** INFORMATION SUPPLIED follows **
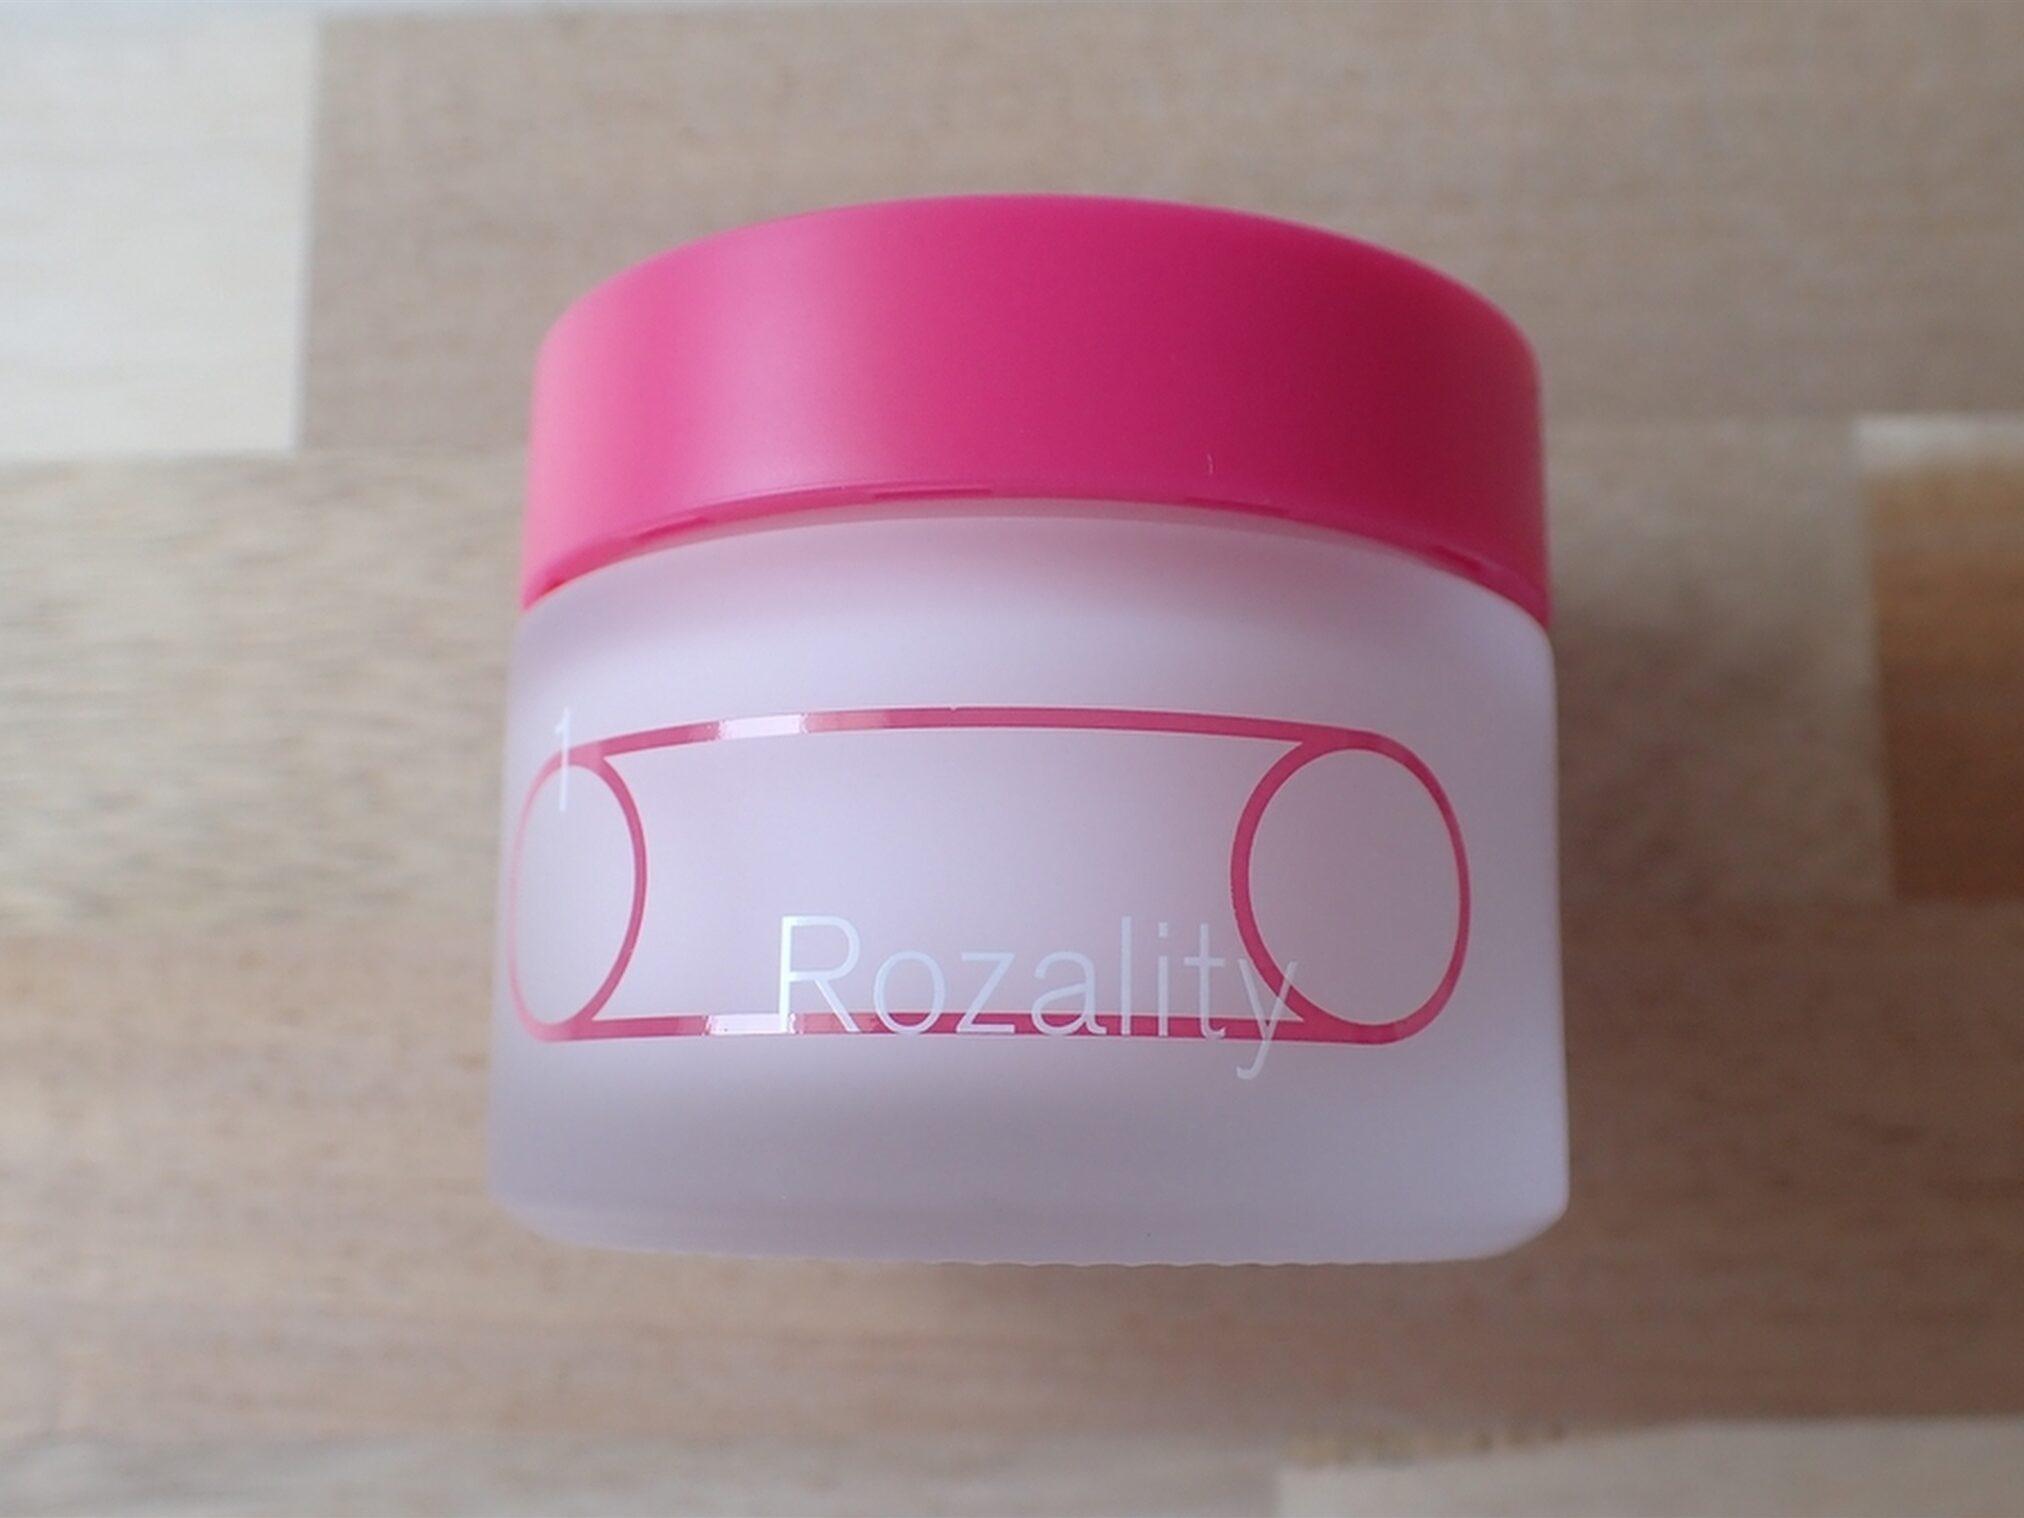 株式会社SISI Rozality ロザリティ ウォータリーマスク 容器の写真
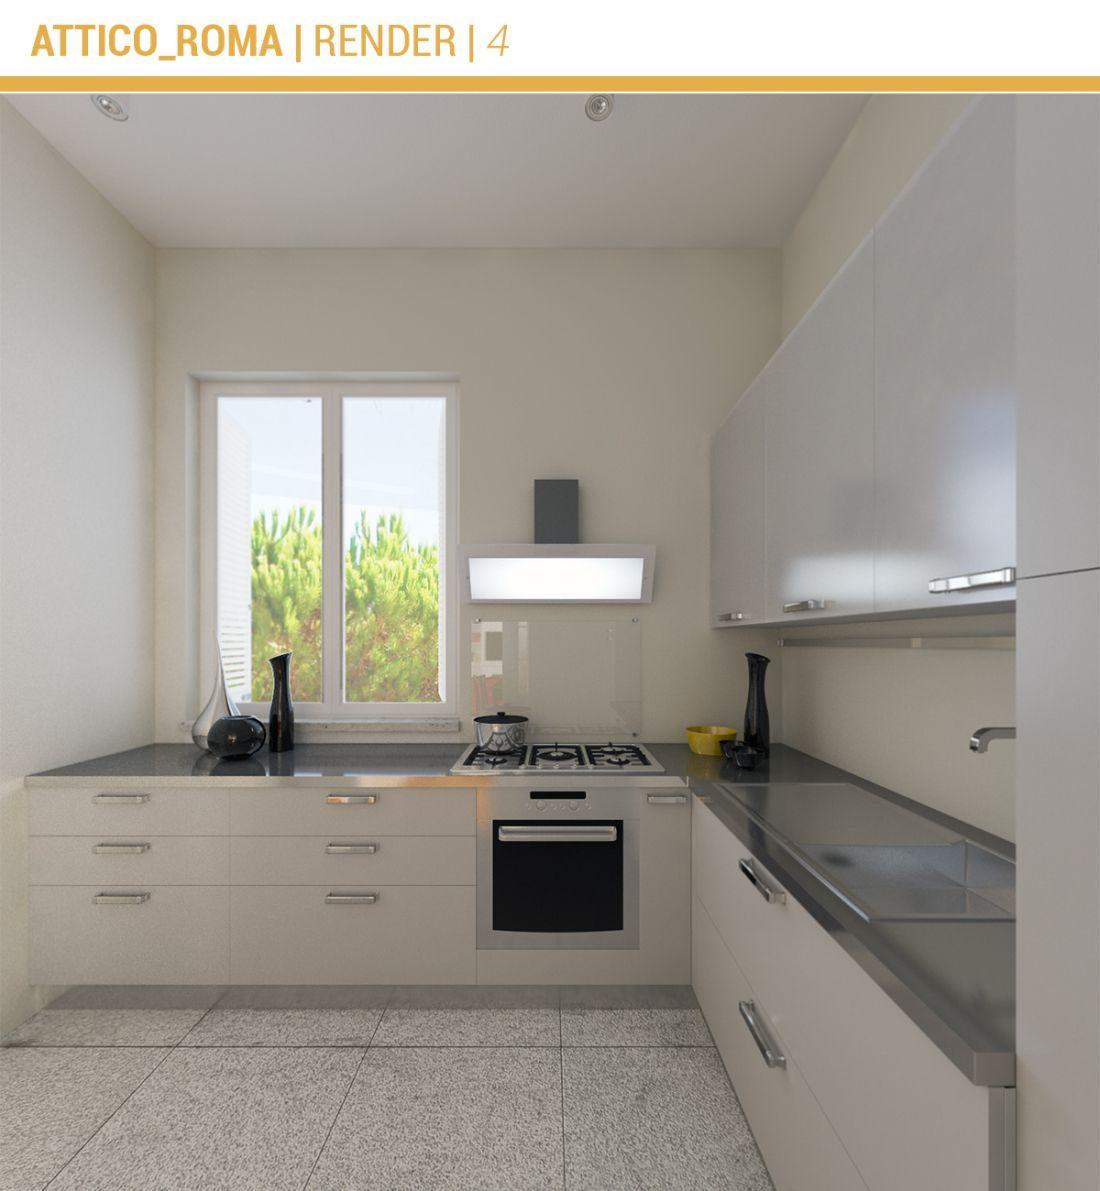 Ristrutturazione attico centro di roma via arno 02a - Ristrutturazione cucine roma ...
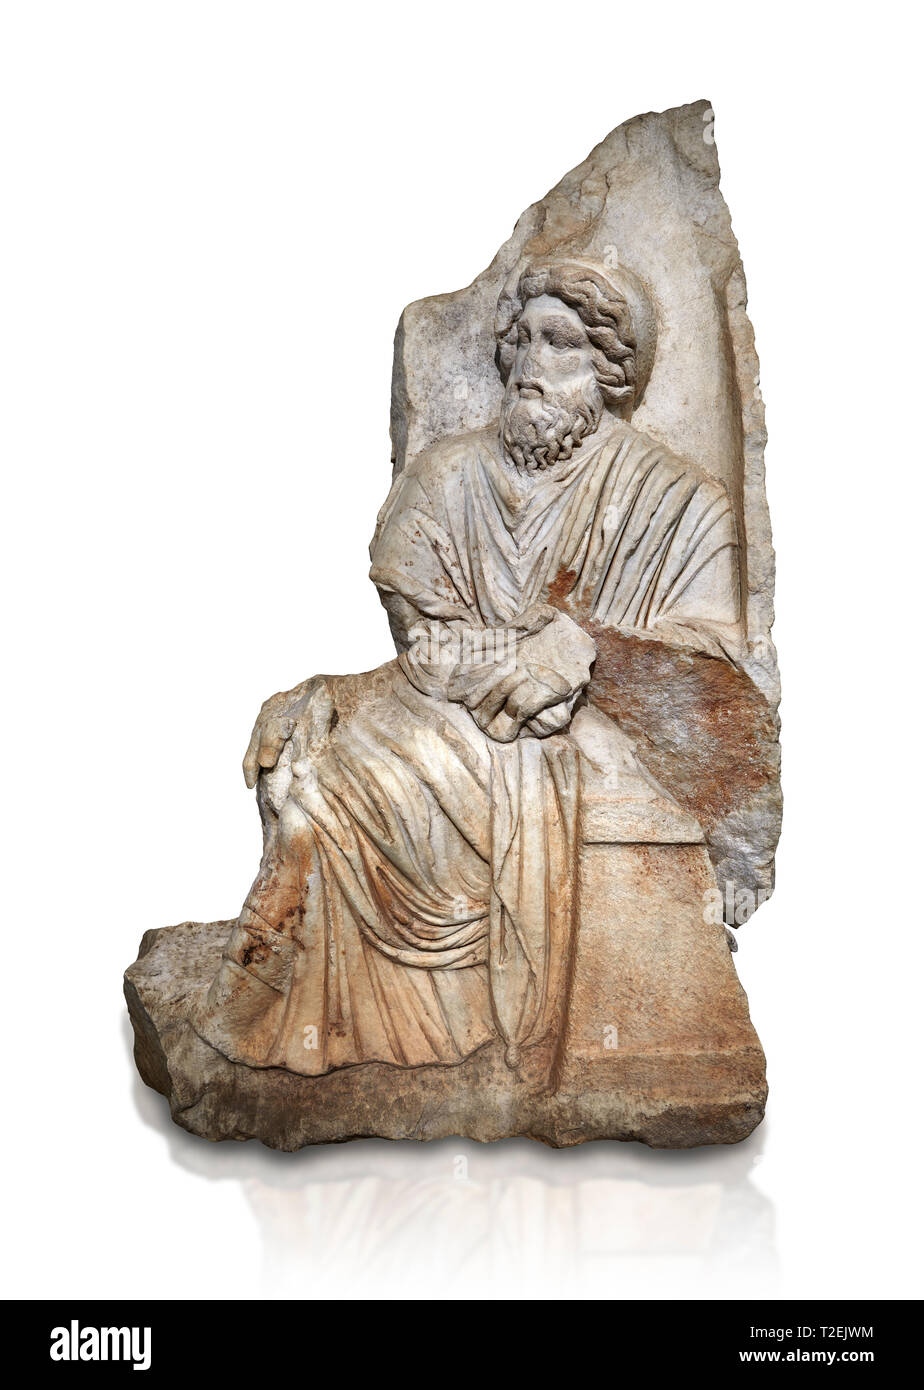 Sebasteion romana scultura in rilievo di un dio seduto o re, , Aphrodisias museo, Aphrodisias, Turchia. Un vecchio barbuto dio mitologici o Re s Immagini Stock
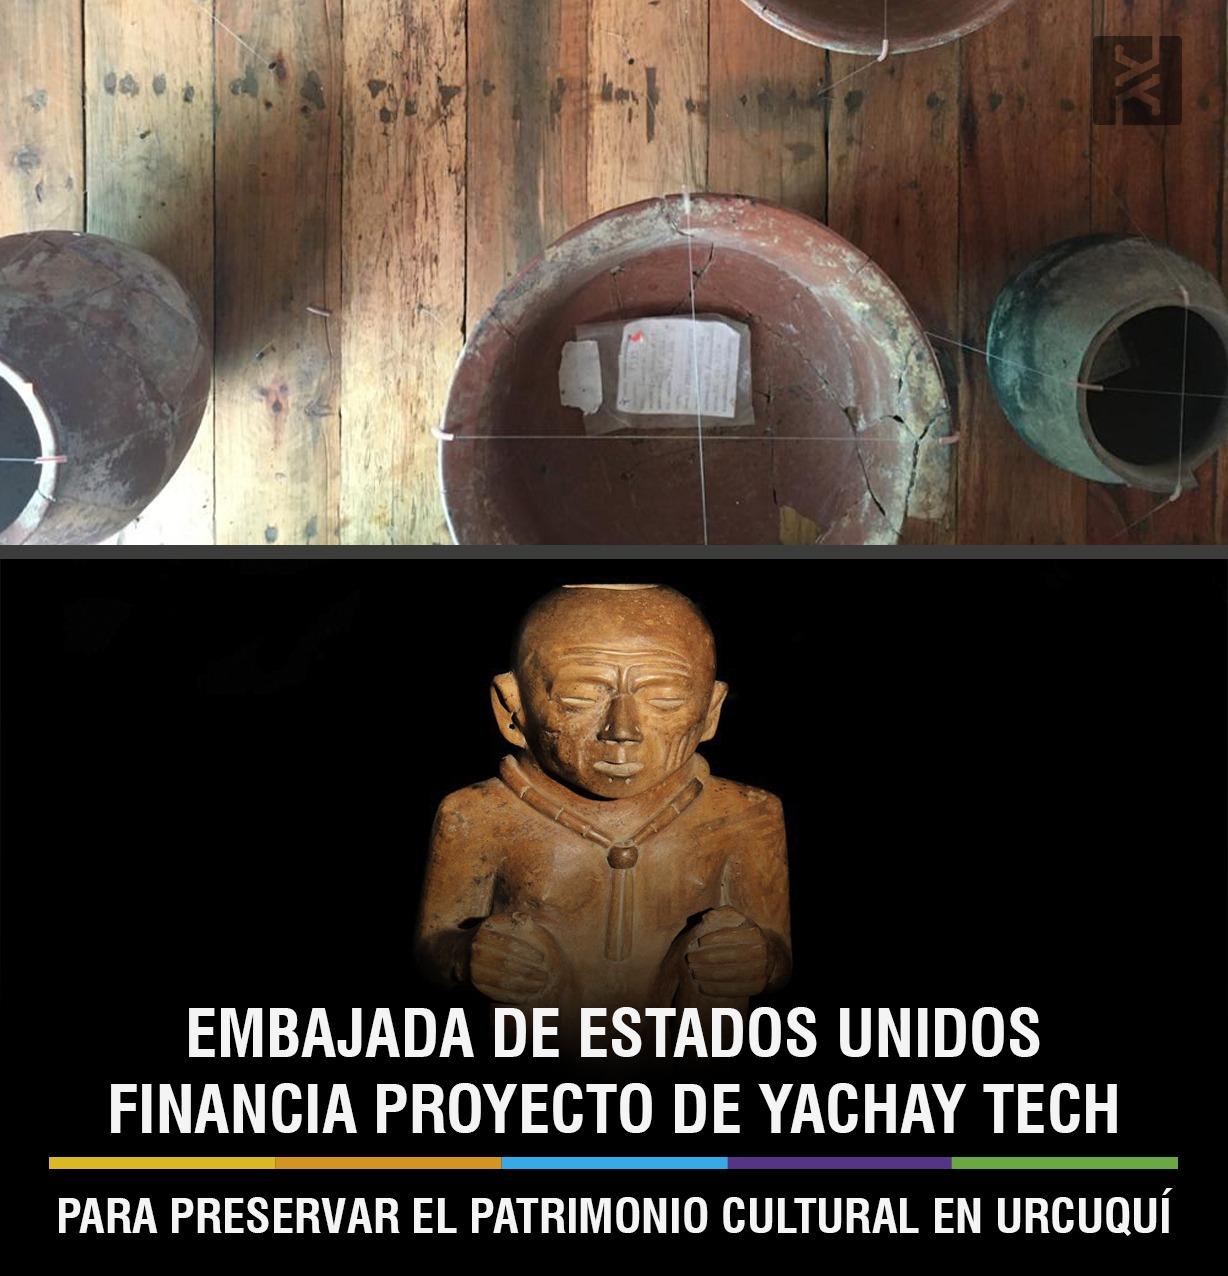 EMBAJADA DE ESTADOS UNIDOS FINANCIA PROYECTO DE YACHAY TECH, PARA PRESERVAR EL PATRIMONIO CULTURAL EN URCUQUÍ
** End of INFORMATION SUPPLIED **
WORK TO COMPLETE
The whole listing above, minus its pictures, is what you should write out word for word.

SOLUTION FOR THIS TASK
 株式会社SISI Rozality ロザリティ ウォータリーマスク 容器の写真
 Ristrutturazione attico centro di roma via arno 02a - Ristrutturazione cucine roma ...
 Sebasteion romana scultura in rilievo di un dio seduto o re, , Aphrodisias museo, Aphrodisias, Turchia. Un vecchio barbuto dio mitologici o Re s Immagini Stock
 EMBAJADA DE ESTADOS UNIDOS FINANCIA PROYECTO DE YACHAY TECH, PARA PRESERVAR EL PATRIMONIO CULTURAL EN URCUQUÍ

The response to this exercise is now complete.